I'll bring my crampons, you bring your money.... :whoo:


----------



## Leftie (May 9, 2012)

Heavy overnight rain is forecast for tonight although tomorrow should be OKish.

Just on the outside chance that the course may be closed, could the 3 of you please PM me with your contact numbers and let me know if you would prefer a text or voice message.
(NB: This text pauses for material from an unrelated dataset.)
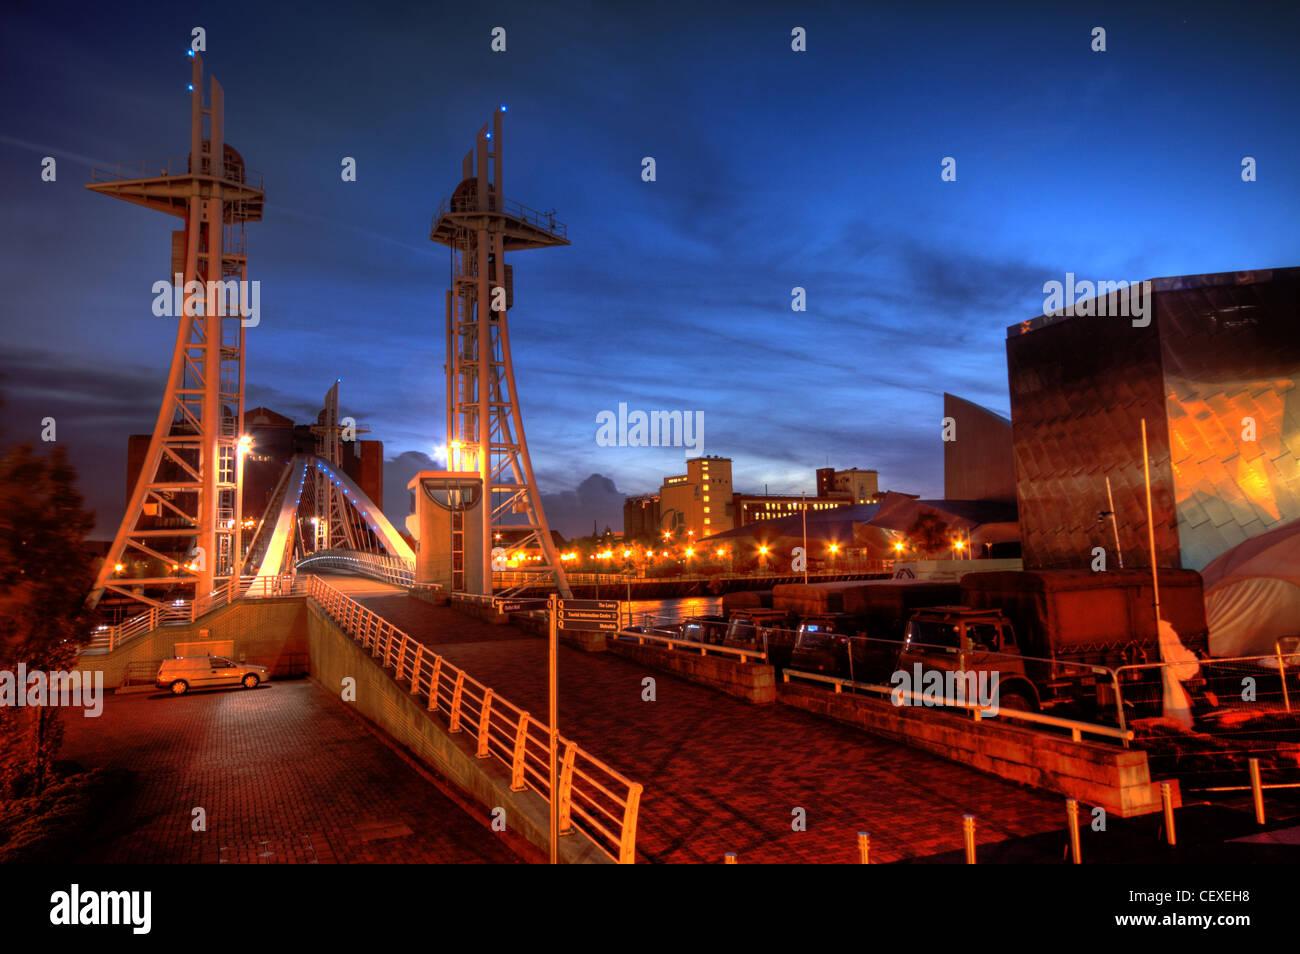 Lowry Salford Quays Millennium Lift Footbridge at dusk - Stock Image
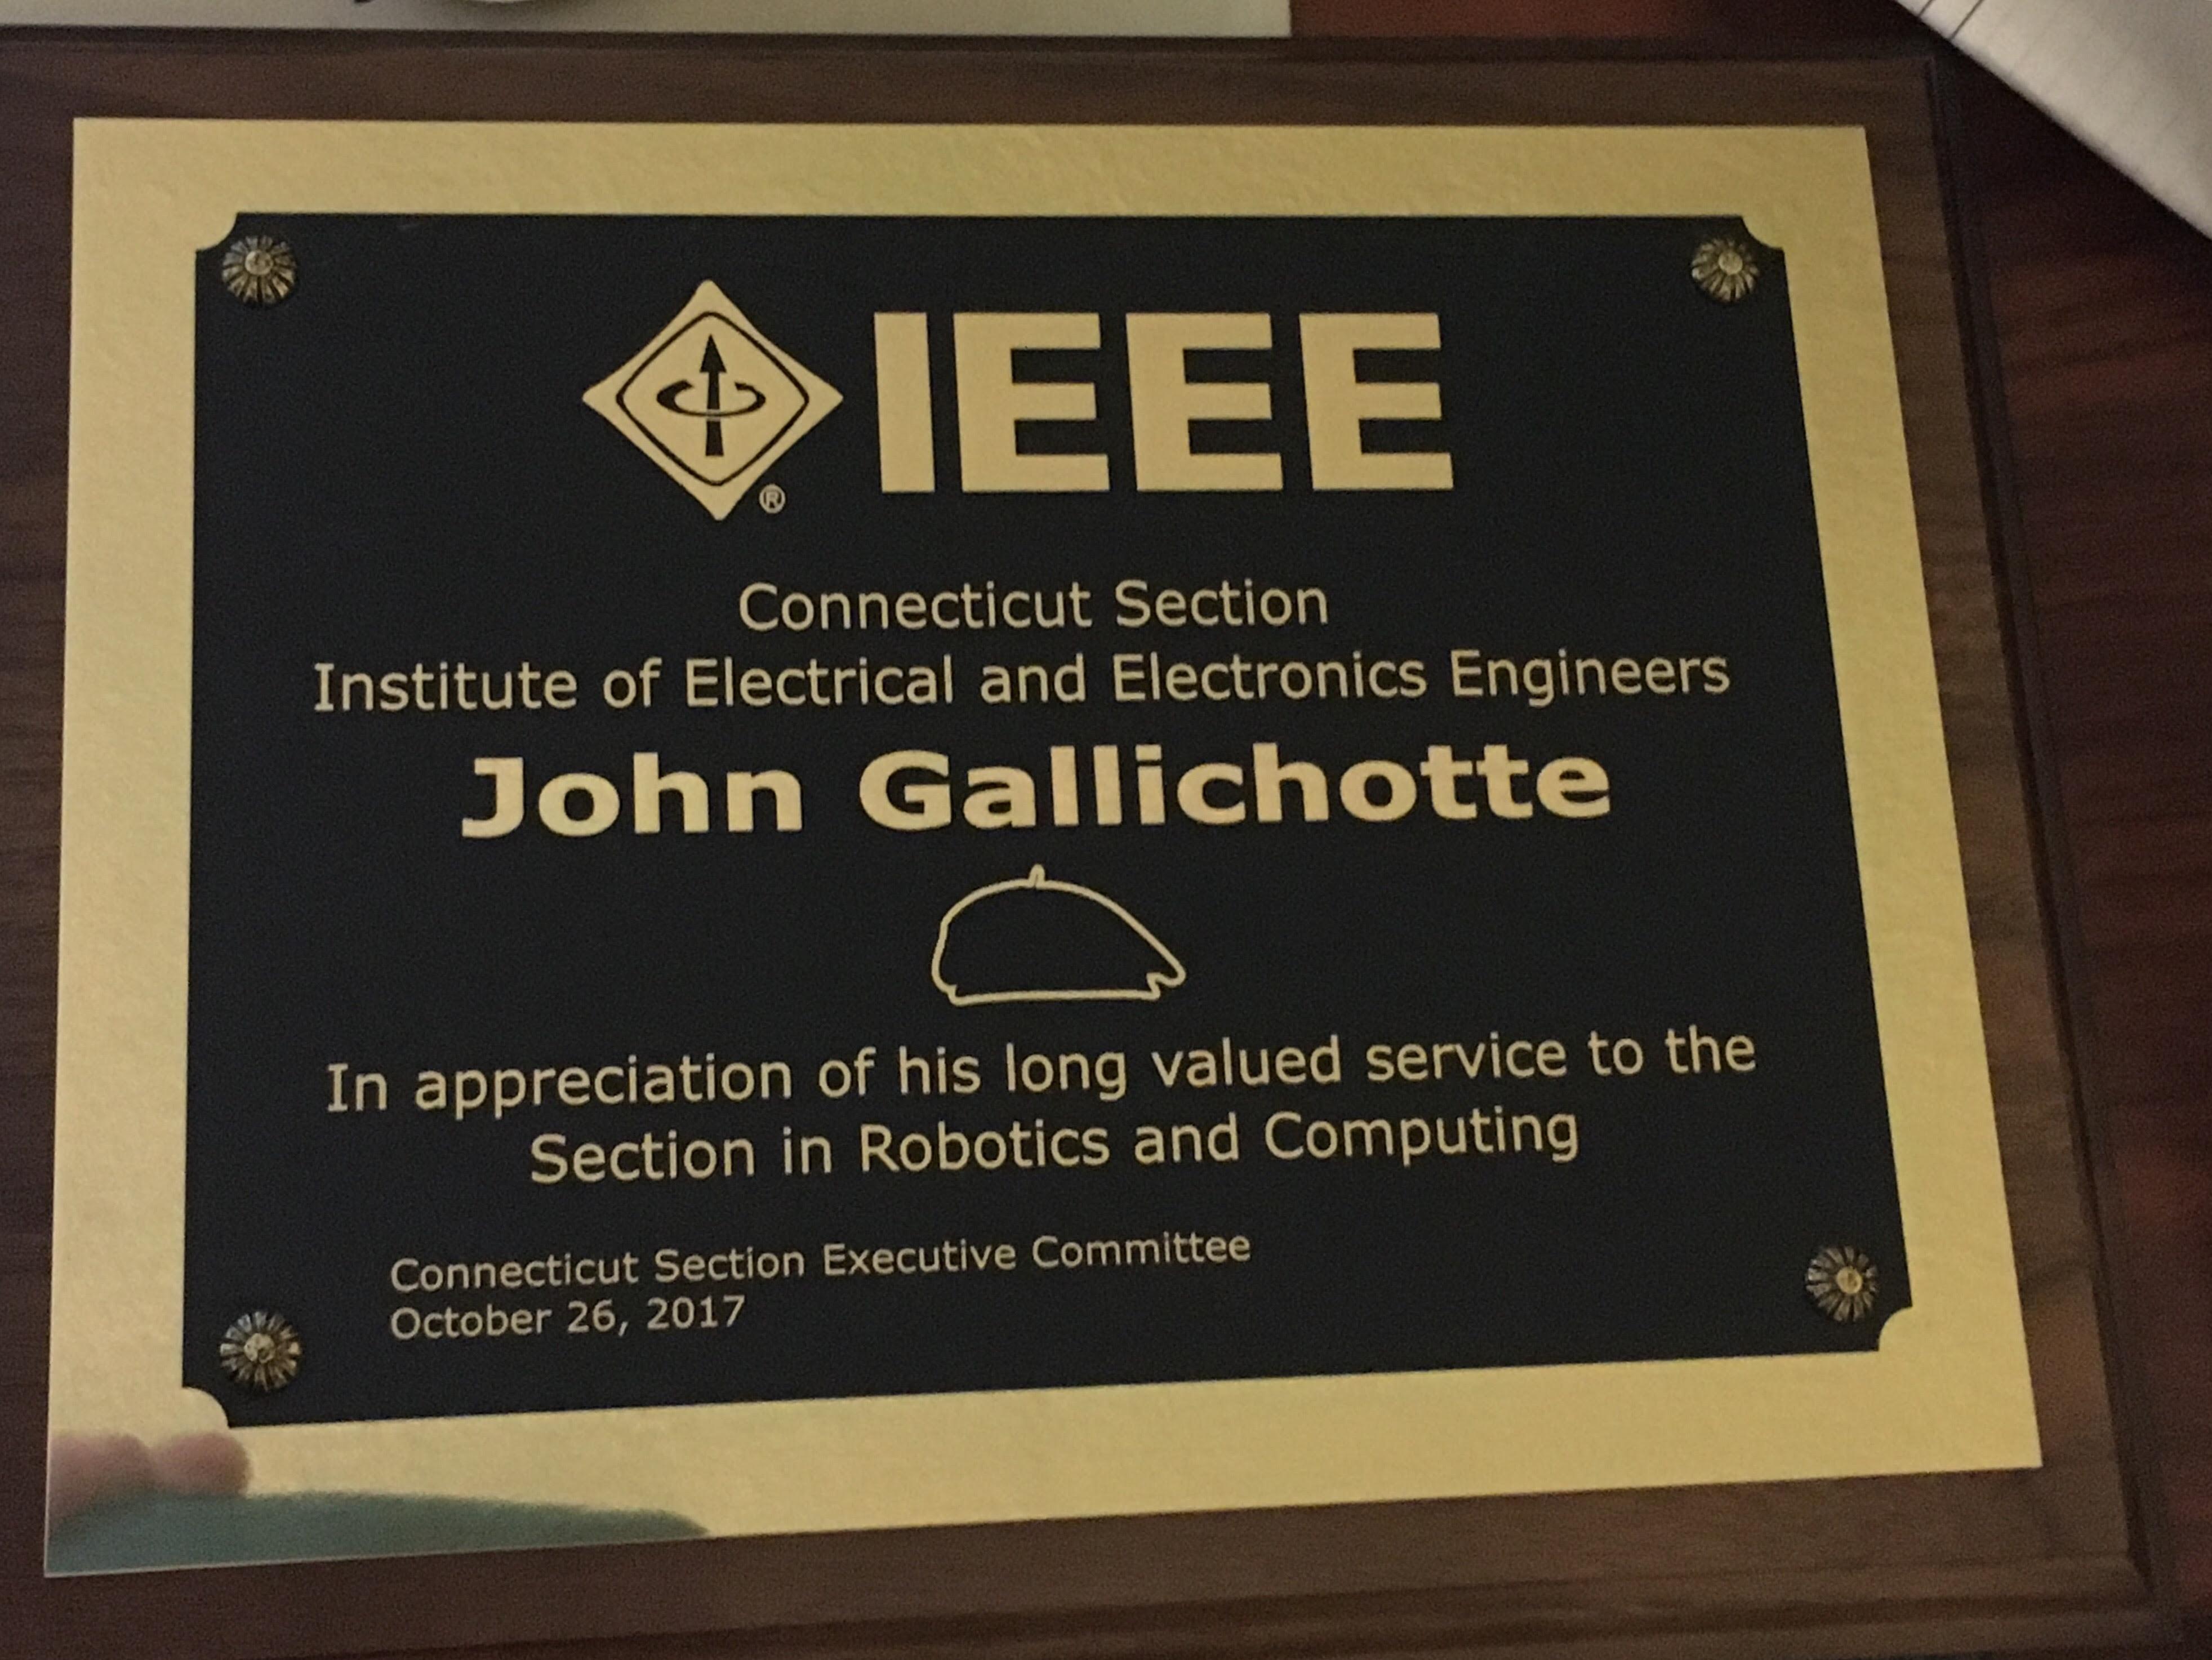 John Gallichotte

I'll only contact you if there is a problem and if you haven't heard anything by 10.30 then - game on :thup:


----------



## teegirl (May 9, 2012)

Thanks Roger. pm sent.

Ty Bob!!


----------



## AuburnWarrior (May 9, 2012)

PM sent Roger.

I really do hope we get out - I'm really looking forward to it!


----------



## JustOne (May 9, 2012)

Leftie you have a PM.


----------



## teegirl (May 11, 2012)

Thanks very much for the alternative venue AW, realy nice course, and thanks too to leftie and CH, weather was damp, my playing was not so good, butnstill had a great afternoon.  Caught up with police car at Cambridge doing 68 mph, sonI  I went past....it followed me to Grantham!!!! Made me consentrate and kept me awakeWill post the picture tomorrow Leftie, but maybe not too eatly


----------



## teegirl (May 11, 2012)

teegirl said:



			Thanks very much for the alternative venue AW, realy nice course, and thanks too to leftie and CH, weather was damp, my playing was not so good, butnstill had a great afternoon.  Caught up with police car at Cambridge doing 68 mph, sonI  I went past....it followed me to Grantham!!!! Made me consentrate and kept me awakeWill post the picture tomorrow Leftie, but maybe not too eatly
		
Click to expand...

Ooops, Sorry about the above post, I wrote it on my moby, and didn't realise I was quiet as tired as that.....

Now to figure out how to put that picture on here...

Captions anyone?


----------



## Leftie (May 11, 2012)

Thanks for those Jan :mmm:

Glad you got home safe and sound.

Thanks to AW for re-arranging the venue and to all for the company.  Enjoyable afternoon and evening.  Shame about the weather.


----------



## CrapHacker18 (May 11, 2012)

Great fun.

Great company.

Blimmin' difficult conditions.





I still say it's a stupid bloody game.

:cheers:

Thanks to everyone.

:thup:


----------



## AuburnWarrior (May 12, 2012)

It was my absolute pleasure to host you all.  You're all more than welcome to return any time.
The weather was dreadful!  I've never experienced horizontal rain. oo:


----------



## Leftie (May 12, 2012)

AuburnWarrior said:



			I've never experienced horizontal rain. oo:
		
Click to expand...

Should have been at Woodhall Spa on the Sunday then instead of sitting at home feeling smug that you "couldn't make it".  Now those were slightly inclement conditions.







Wimp 


Nice of you to re-arrange the venue though


----------